STA 4274H -- STATISTICAL INVERSE PROBLEMS

`Statistical inverse problems' refers to situations where we can get data in one `domain', but our interest lies in another domain where measurements cannot be taken. This subject has a high-tech flavour and is the focus of much current research. Two typical kinds of statistical inverse problems, both of which will be discussed in this course, are as follows:

(1) In a typical problem of STEREOLOGY physiologists must estimate the distribution of the radii of spherical `neuron vesicles' distributed throughout tissue. Since it is not possible to measure these directly, a thin slice of tissue is taken and examined under an electron microscope. This two-dimensional slice intersects with some of the spheres, and we can measure the radii of the `circular sections' seen in the slice. However the distribution of radii of circles in the 2-D slice differs from the distribution of radii of the spheres in 3-D space. These two distributions are related through integral equations, but it turns out that estimating the two-dimensional distribution and simply `transforming' is not statistically effective.

So how does one attack such problems?

(2) A typical problem of MEDICAL TOMOGRAPHIC IMAGING is POSITRON EMISSION TOMOGRAPHY (or PET).
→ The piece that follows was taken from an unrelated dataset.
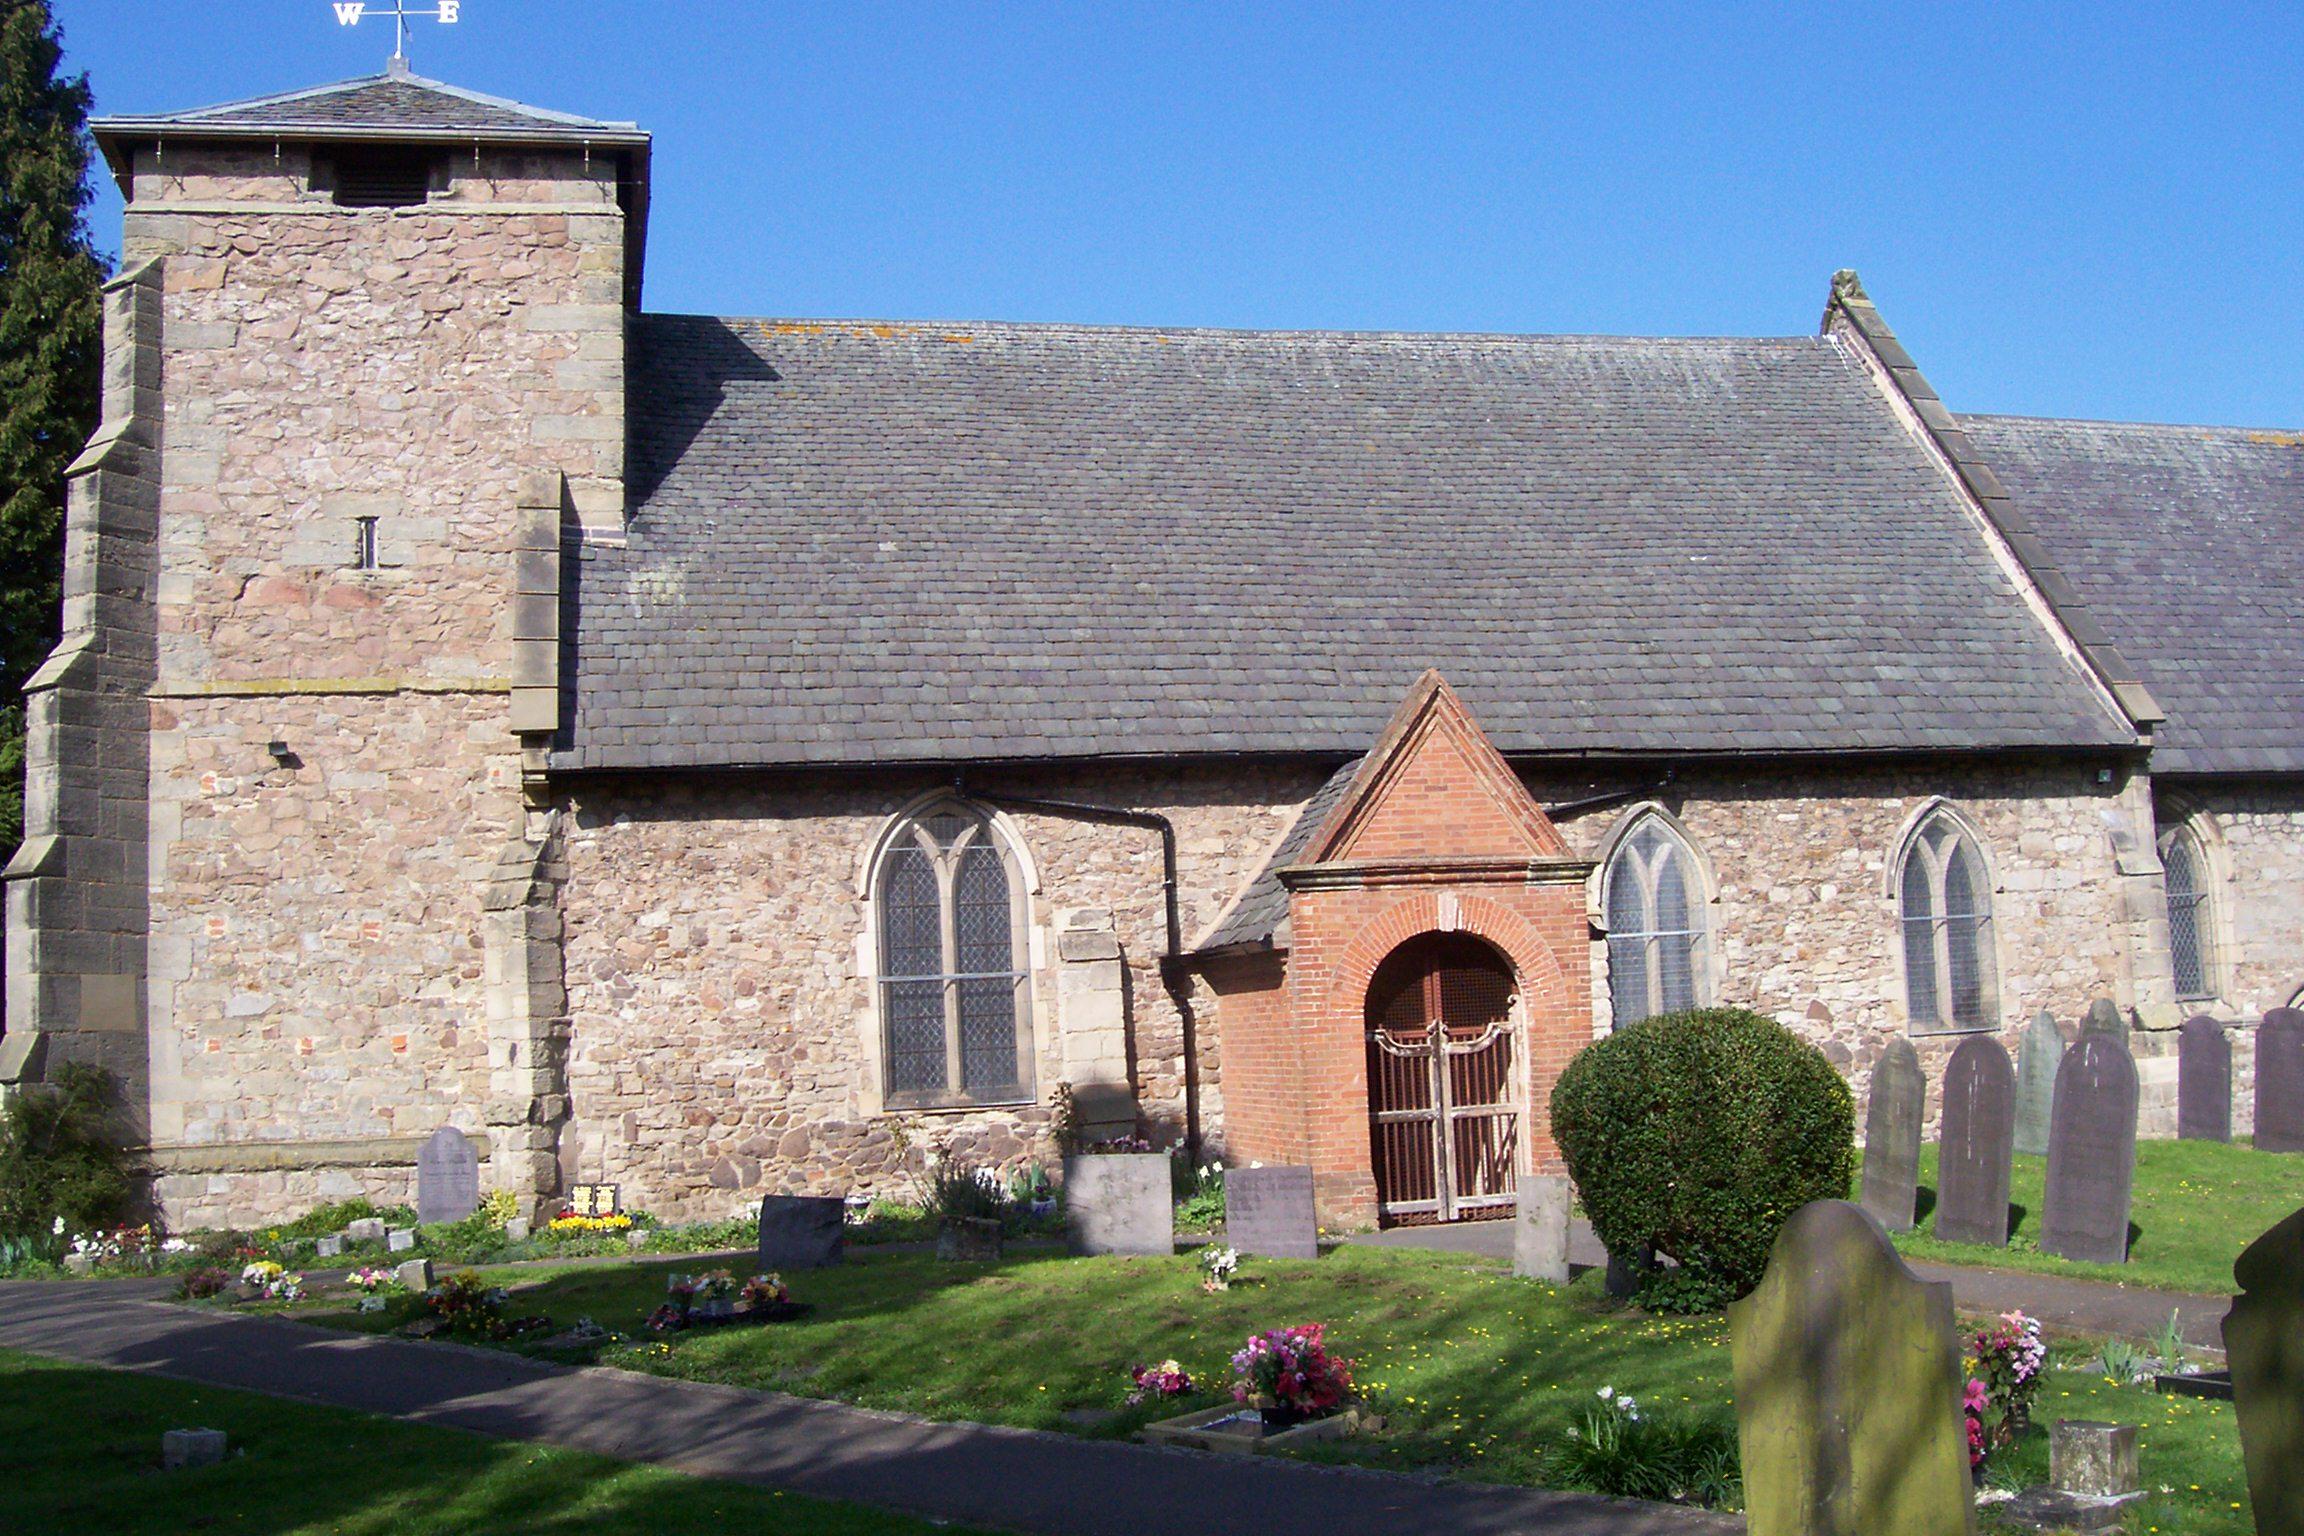 St. Peter's, Braunstone

Here a radioactive substance is injected and travels to the brain, where about one million `positron emissions' occur. What is needed is the density function of the points where these emissions occur, since this gives a picture of the structure of tissue in the brain. However due to the physics of the situation it is not possible to observe the points of emission. We can however observe about one million randomly oriented lines, each of which which passes through one of the emission points. Reconstructing PET scan images from data of this type is an important statistical problem.


GRADING: Based on individual projects. Students may choose either a theoretical or an applied (e.g. computational) topic (or a combination of these) depending on their interests. An example of such a project would be to read a paper in the field and give a written (or oral) exposition on its contents.

Permission of the instructor is required.


Some References:

Bertero, M. and Boccacci, P. (1998). Introduction to Inverse Problems in Imaging. Institute of Physics Publishing, Philadelphia, Pa.
Bracewell, R.N. (1968). The Fourier Transform and its Applications. McGraw-Hill.
Deans, S.R. (1983). The Radon Transform and Some of its Applications. Wiley.
Fan, J. (1991). On the optimal rates of convergence for nonparametric deconvolution problems. Ann. Statist., 19, 1257-1272.
Feuerverger and Vardi. (2000). Positron emission tomography and random coefficients regression. Annals of the Institute of Statistical Mathematics (Tokyo). Vol. 52, No. 1, 123-138.
Herman, G.T. (1980). Image Reconstruction From Projections: The Fundamentals of Computerized Tomography. Academic.
Hochstadt, H. (1973). Integral Equations. Wiley.
Kak, A.C. and Slaney, M. (1988). Principles of Computerized Tomographic Imaging. IEEE Press, New York.
Lewitt, R.M. (1983). Reconstruction algorithms: Transform methods. Proc. IEEE, 71, 390-408.
O'Sullivan, F. (1986). A statistical perspective on ill-posed inverse problems (with discussion). Statistical Science, 1, 1986, 502-527.
Shepp, L.A. and Kruskal, J.B. (1978). Computerized tomography: The new medical X-ray technology. Amer. Math. Monthly, 420-438.
Vardi, Y., Shepp. L.A. and Kaufman, L. (1985). A statistical model for positron emission tomography (with discussion). J. Amer. Statist. Assoc., 80, 8-37.
Walther, G. (1997). On a conjecture concerning a theorem of Cramer and Wold. J. Mult. Anal., 63, 313-319.
Wicksell, S.D. (1925, 1926). The corpuscle problem, Pt. I: A mathematical study of a biometric problem. Biometrica, 17, 84-99; Pt. II 1926, 18, 151-172.